Charitable organizations that relied on U.S. foreign assistance are looking to different private and public donors now that the Trump administration suspended nearly all foreign aid contracts.
Past giving patterns suggest such a lifeline is unlikely. The United States was the world's largest single funder of foreign aid, and neither other governments nor private foundations are in position to fill the gap, according to program executives, aid researchers and nonprofit workers.
Experts in international development say that along with lost funding, the administration's dismantling of the U.S. Agency for International Development deprives the field of political leadership and expertise that will be difficult to replace.
The Trump administration initially froze foreign aid, but has since laid off most USAID employees while ending more aid contracts and grants. Trump adviser and billionaire Elon Musk, who is overseeing the administration's work to cut government spending and downside the federal workforce, has called USAID a criminal organization.

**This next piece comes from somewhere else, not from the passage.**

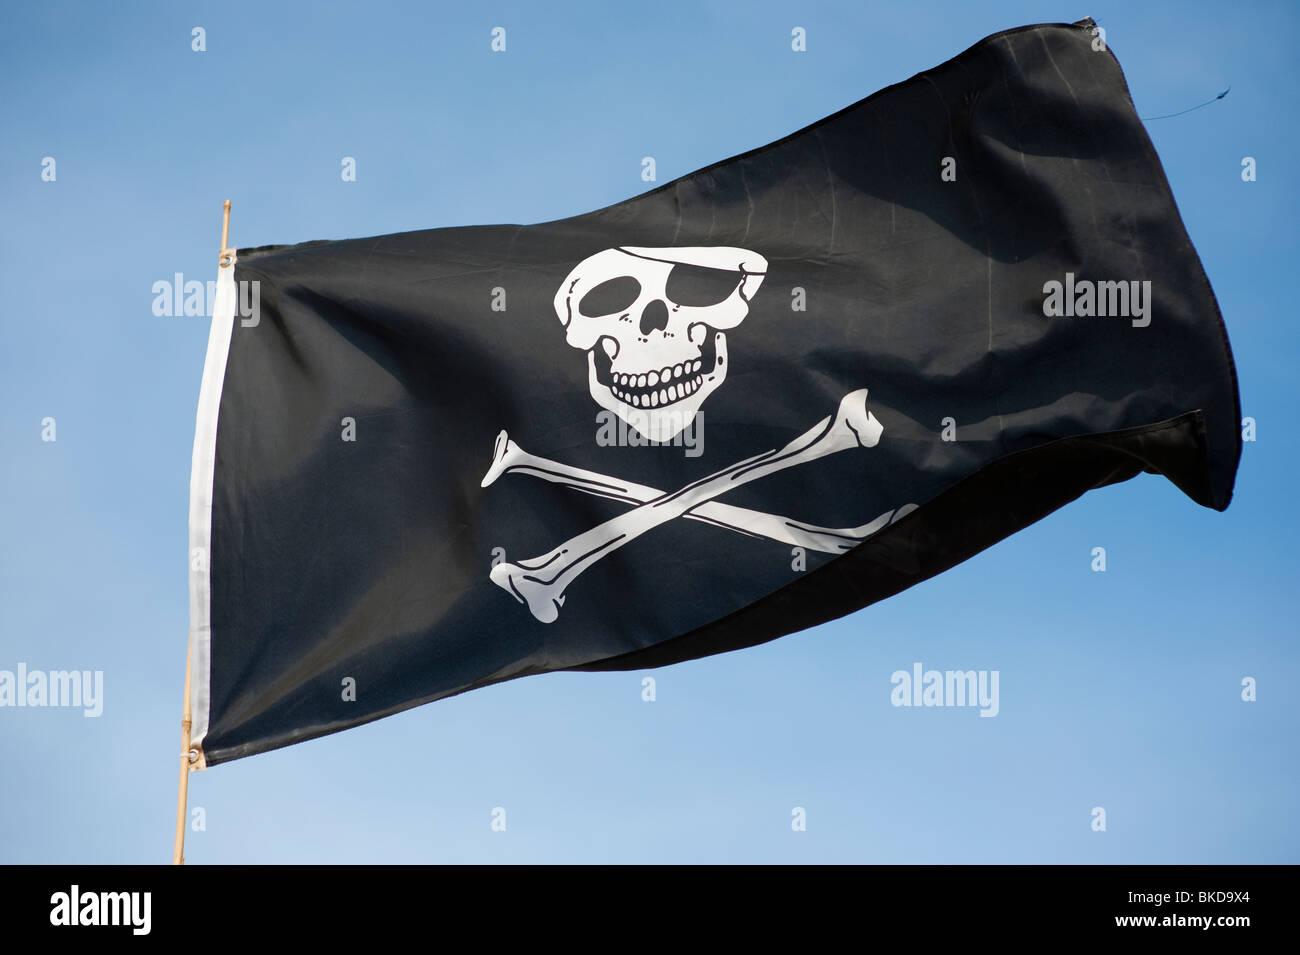 Símbolo de calavera Jolly Roger bandera pirata bandera Imagen De Stock

“The American people delivered a mandate for President Trump to root out inefficiencies across the federal government,” a State Department spokesperson said, adding that U.S. Secretary of State Marco Rubio, was working “to ensure taxpayer resources are being used to make America safer, stronger, and more prosperous.”
Experts agree the international humanitarian assistance system has essentially operated on the back of U.S. benevolence. What seems like the sudden end of that era has shut down life-saving programs around the world and triggered an existential crisis for the international development sector.
Could private donors fill the gap?
No, the numbers do not add up.
The U.S. accounted for $64 billion, or 28% of the $223 billion in official development assistance that governments provided in 2023, according to the Organization for Economic Co-operation and Development. Also known as overseas aid, those funds could go directly to other countries, to humanitarian aid, to fund the work of the United Nations or to help refugees.
Private organizations and individuals would essentially need to double their gifts to make up for USAID cuts: private donations that crossed borders totaled $70 billion in 2020, the most recent year of available data in the Global Philanthropy Tracker from Indiana University Lilly Family School of Philanthropy.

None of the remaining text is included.